The reply is a verbatim copy of the listing below with its images dropped.

[[ Collected data, beginning ]]

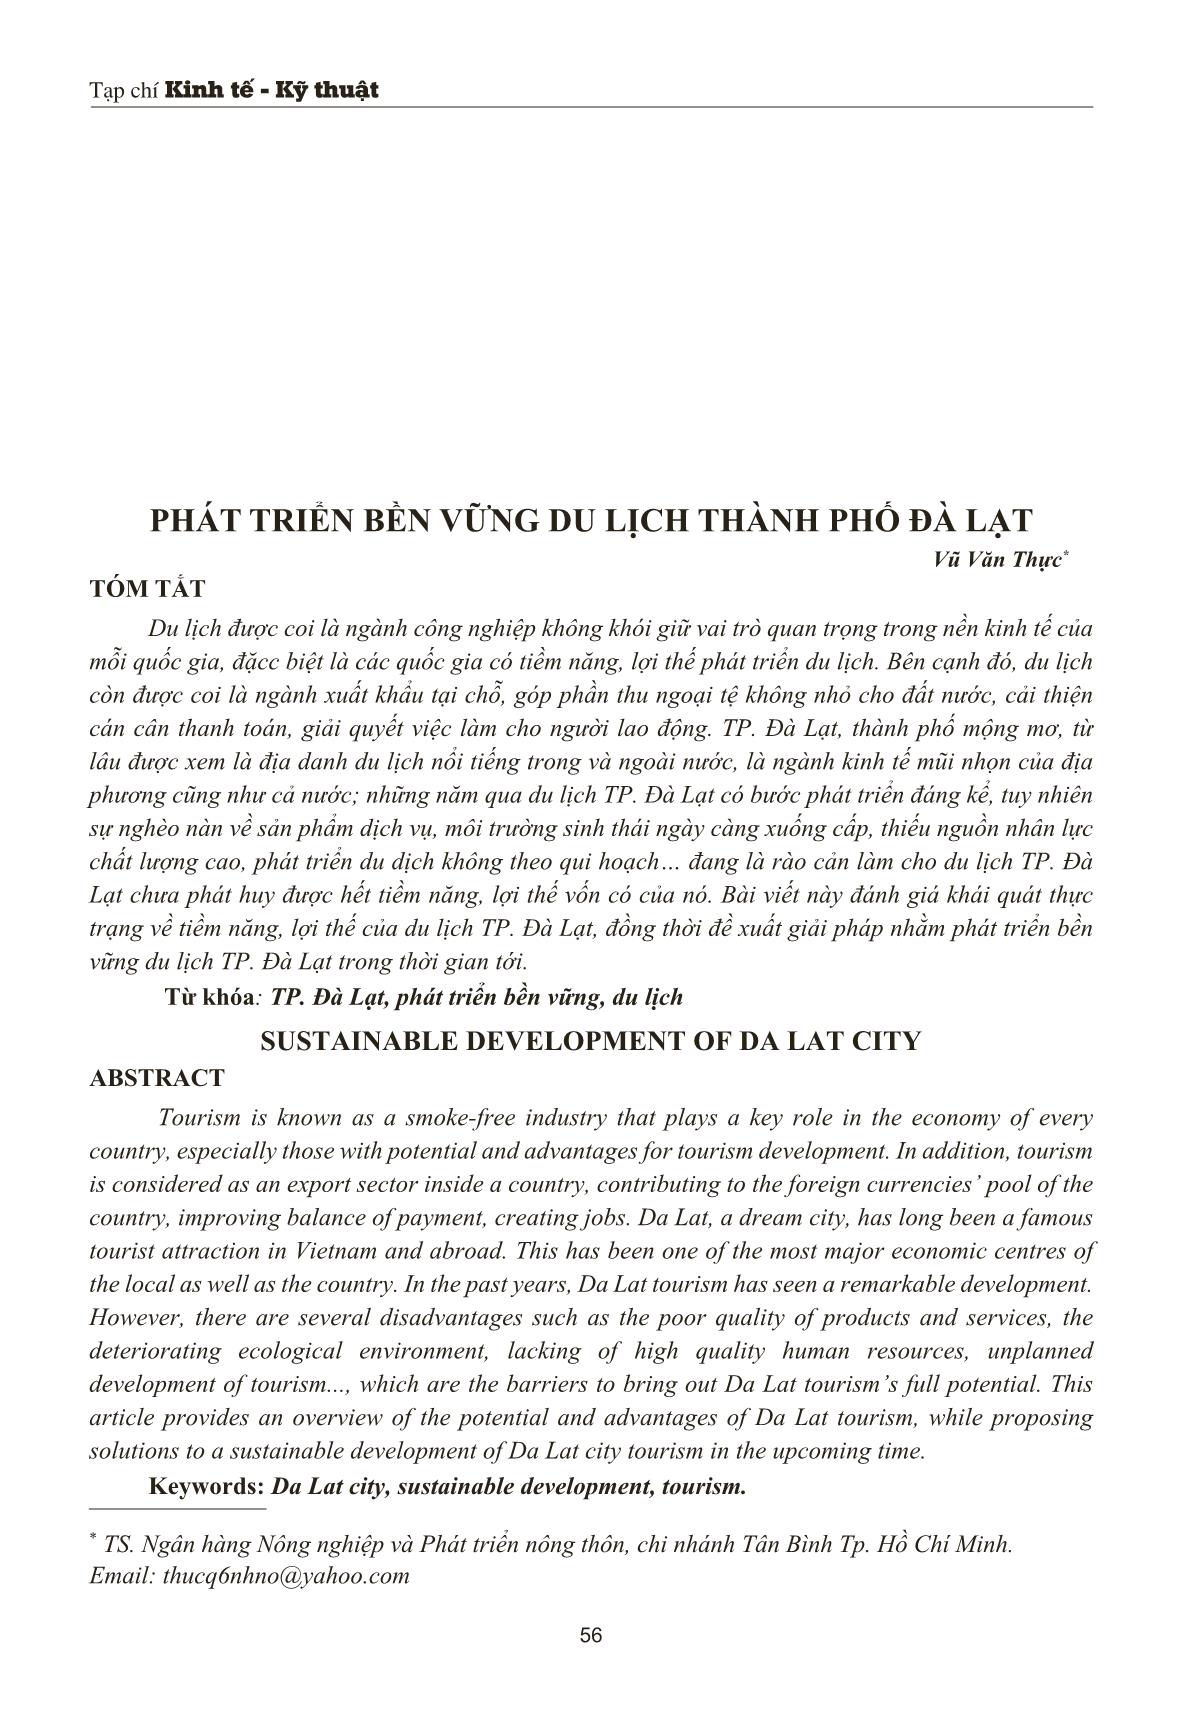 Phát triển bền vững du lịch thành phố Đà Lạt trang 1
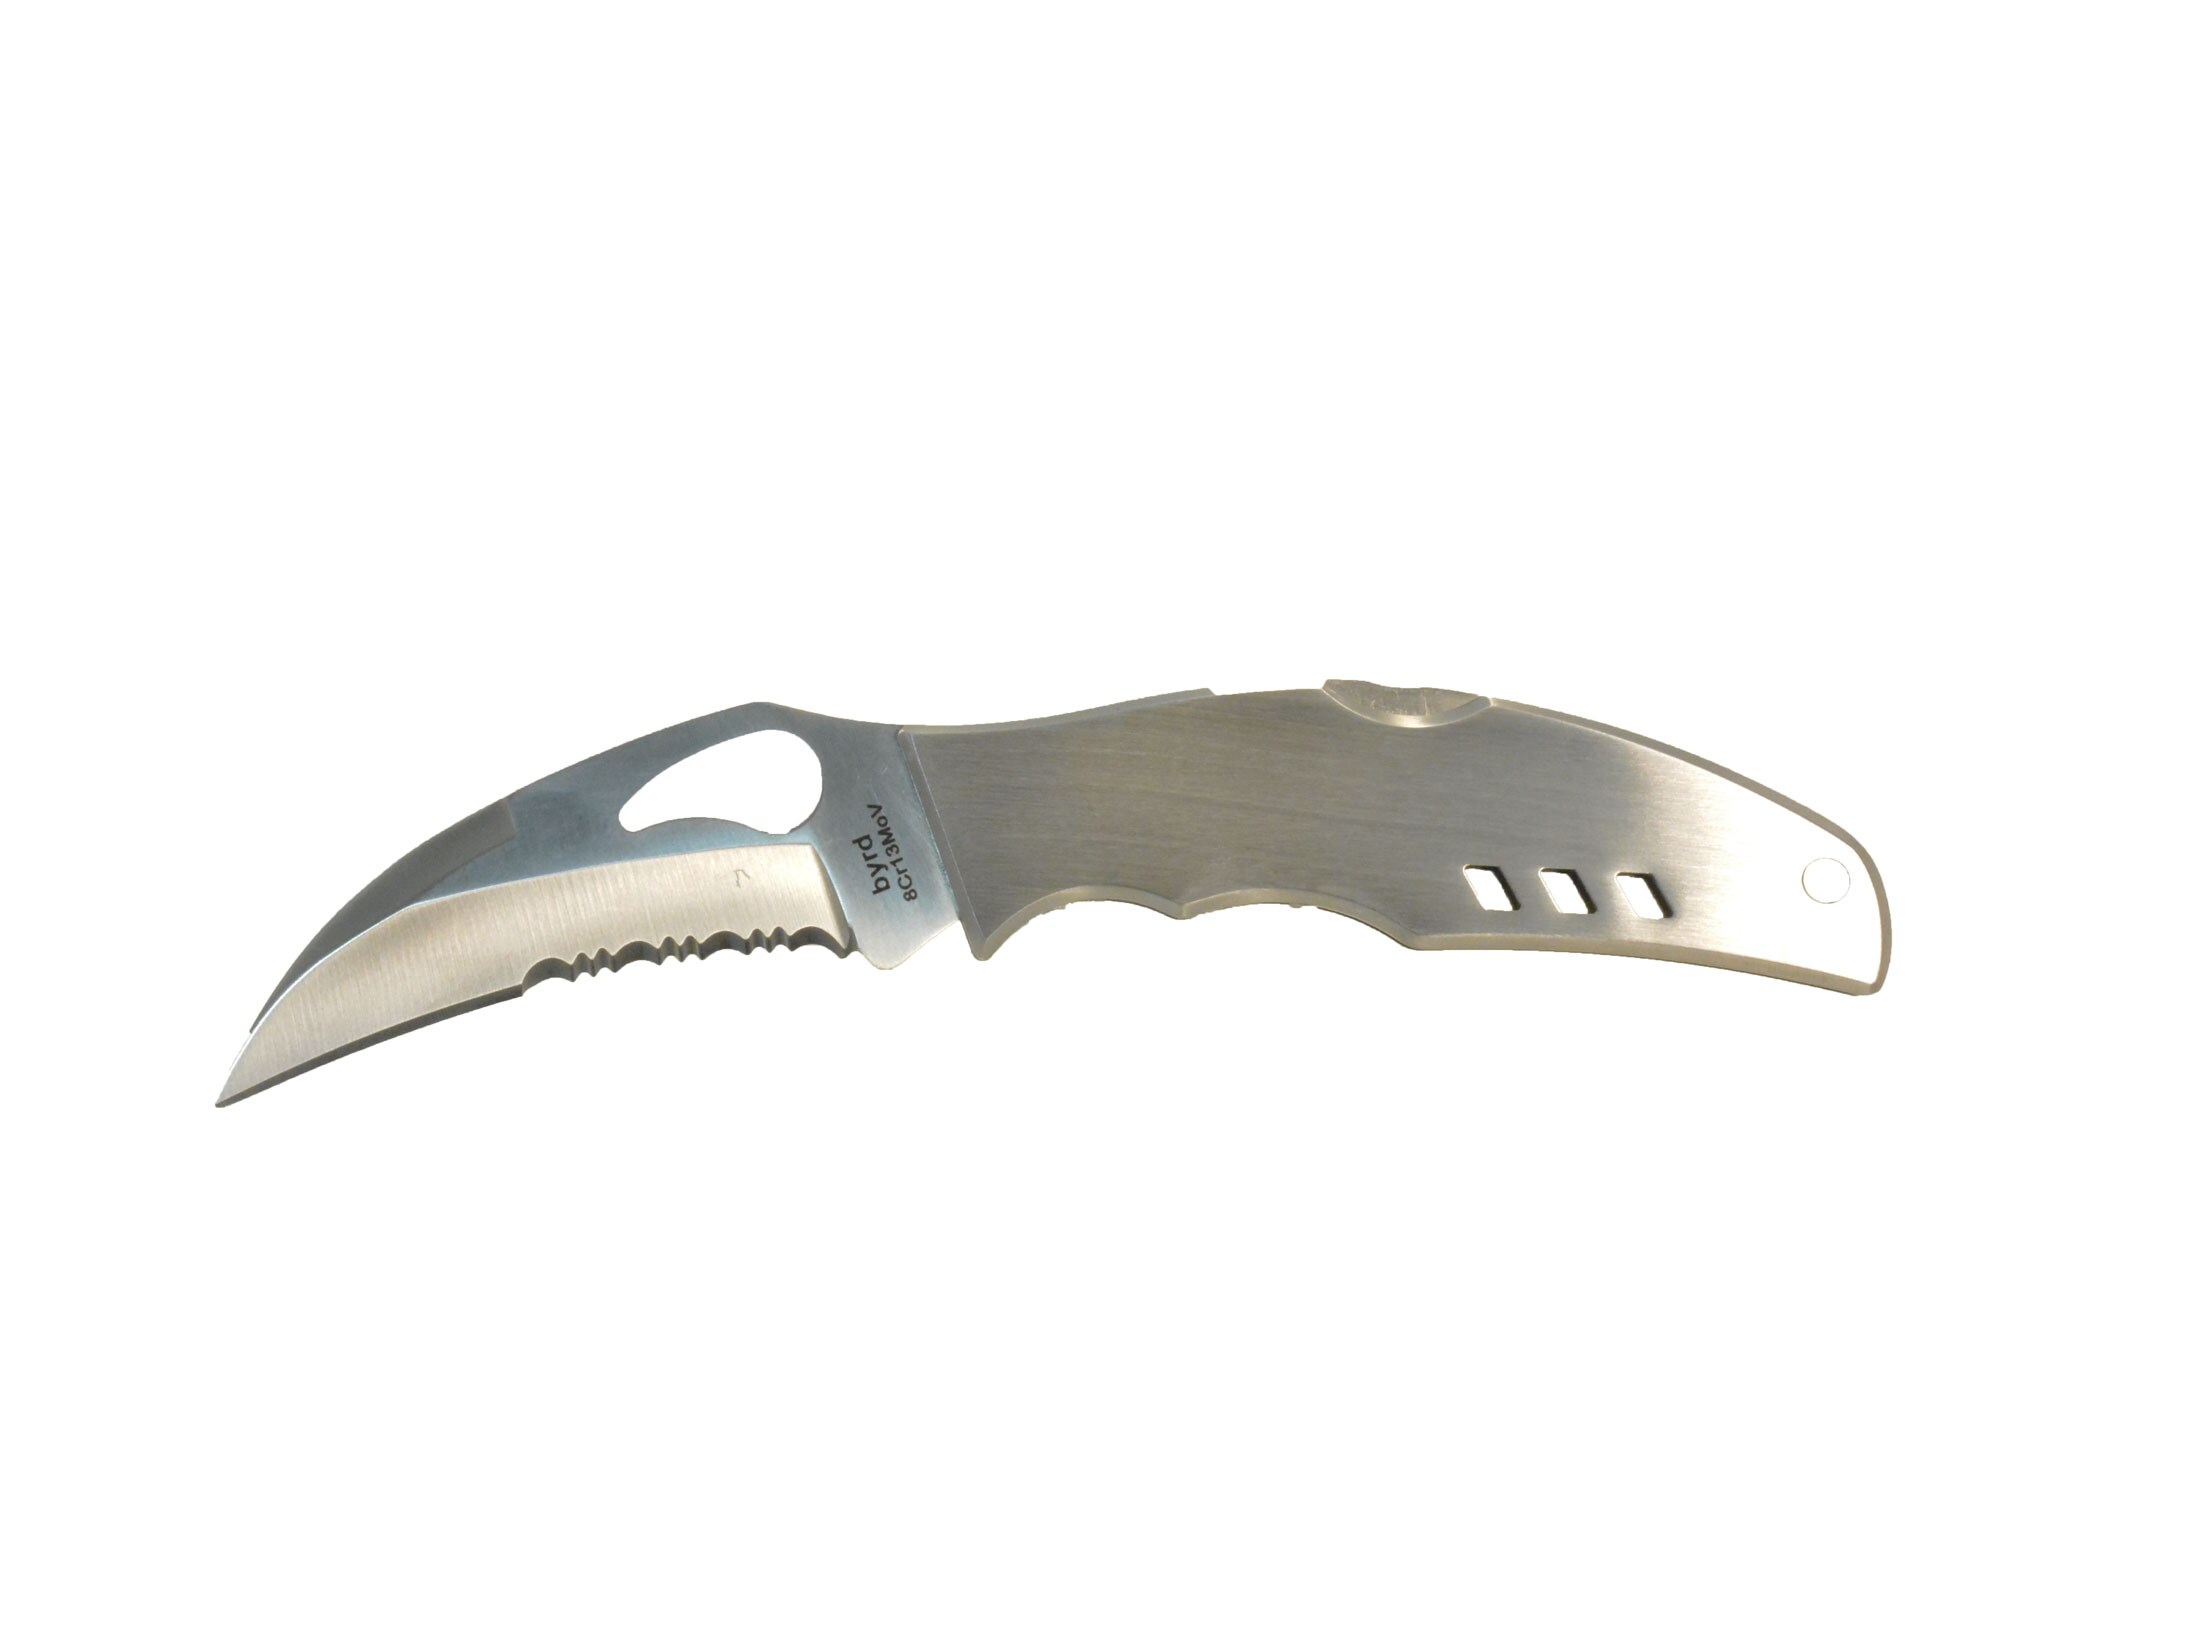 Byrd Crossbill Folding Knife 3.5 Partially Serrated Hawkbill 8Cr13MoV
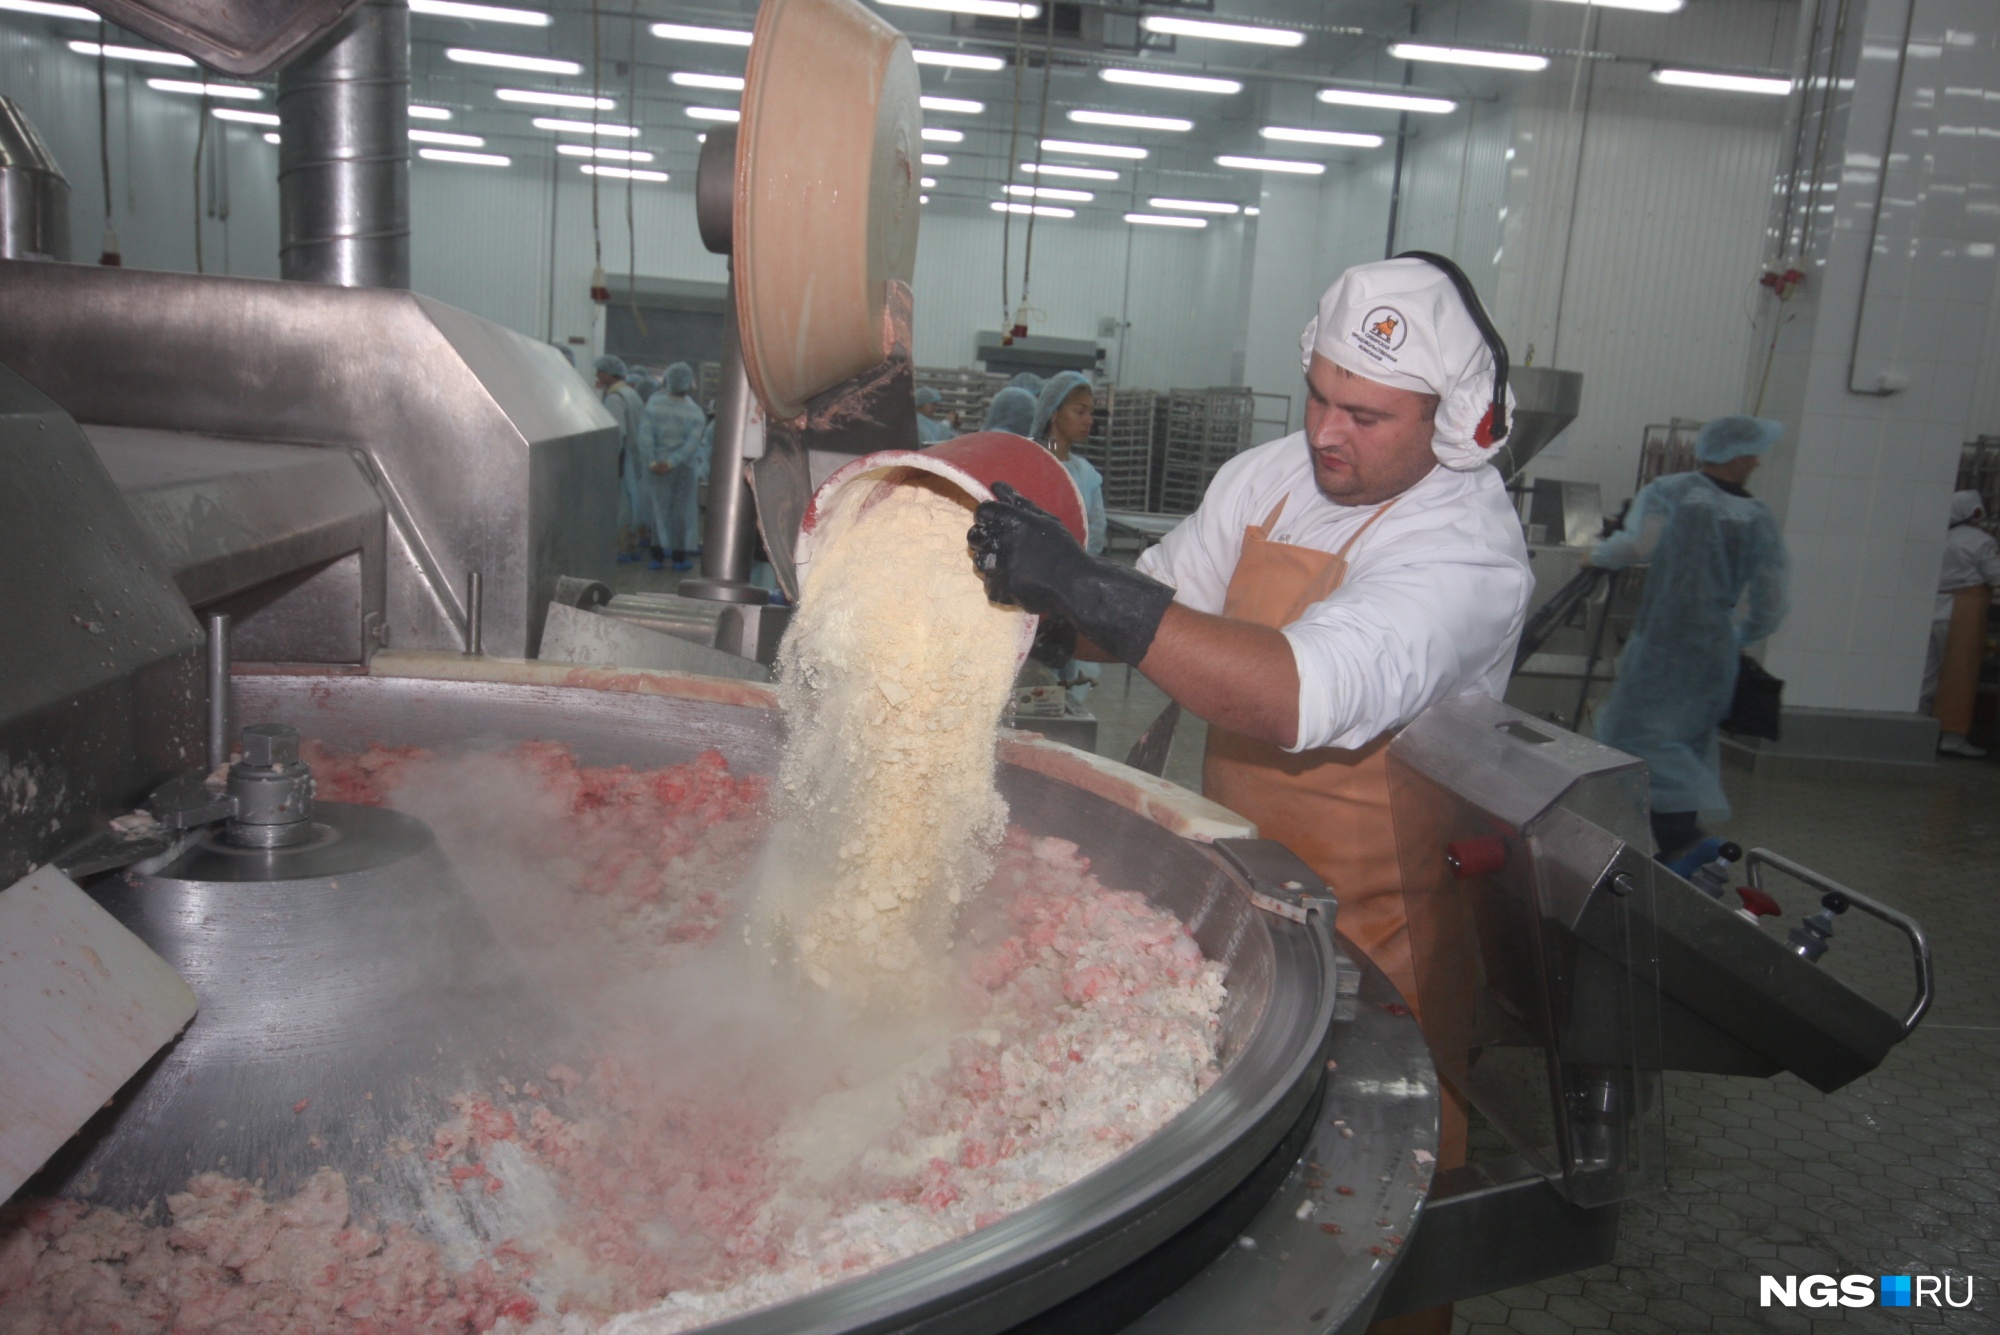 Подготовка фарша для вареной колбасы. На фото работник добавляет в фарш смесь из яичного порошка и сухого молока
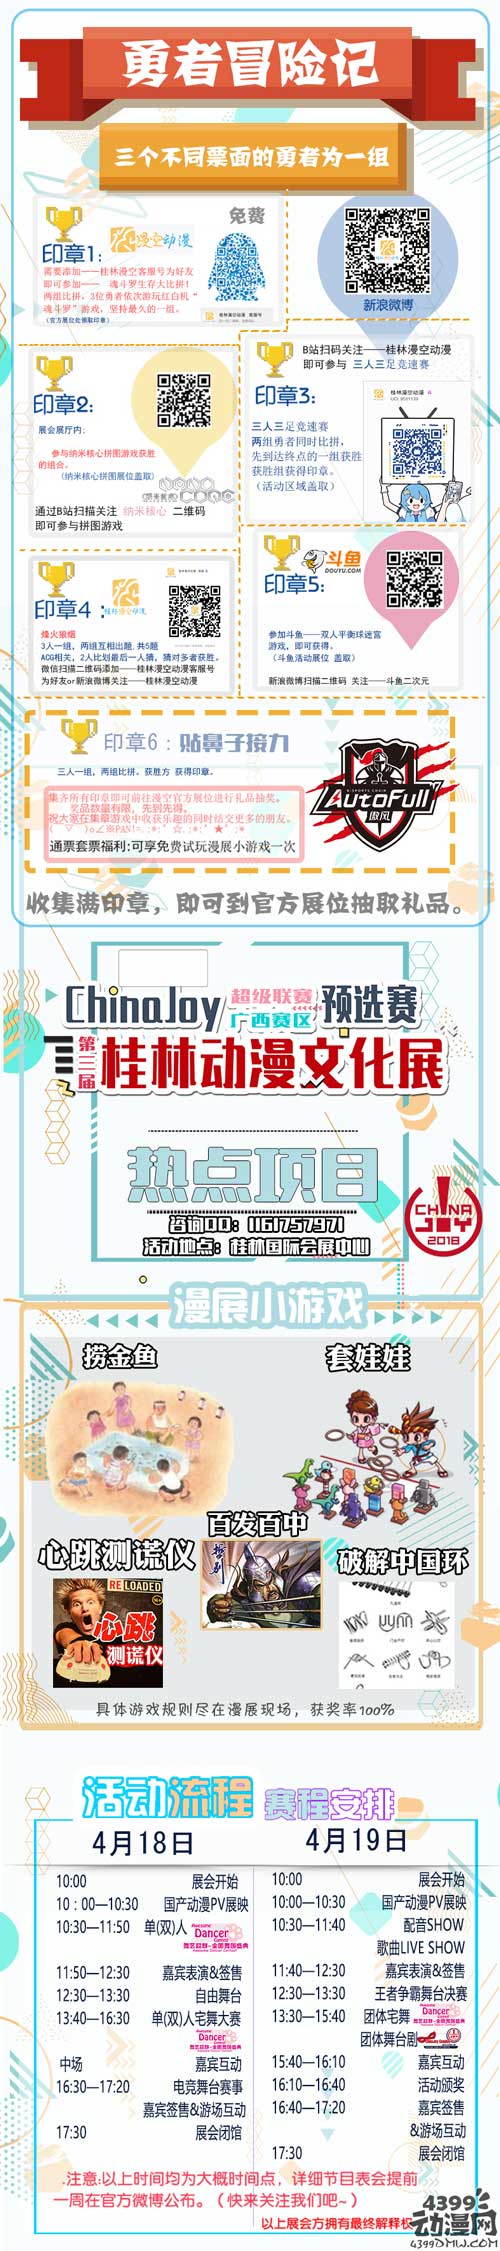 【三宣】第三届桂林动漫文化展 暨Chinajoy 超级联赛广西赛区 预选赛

[[ Collected data, end ]]

### Output for this task
 Phát triển bền vững du lịch thành phố Đà Lạt trang 1
 Byrd Crossbill Folding Knife 3.5 Partially Serrated Hawkbill 8Cr13MoV
 Подготовка фарша для вареной колбасы. На фото работник добавляет в фарш смесь из яичного порошка и сухого молока
 【三宣】第三届桂林动漫文化展 暨Chinajoy 超级联赛广西赛区 预选赛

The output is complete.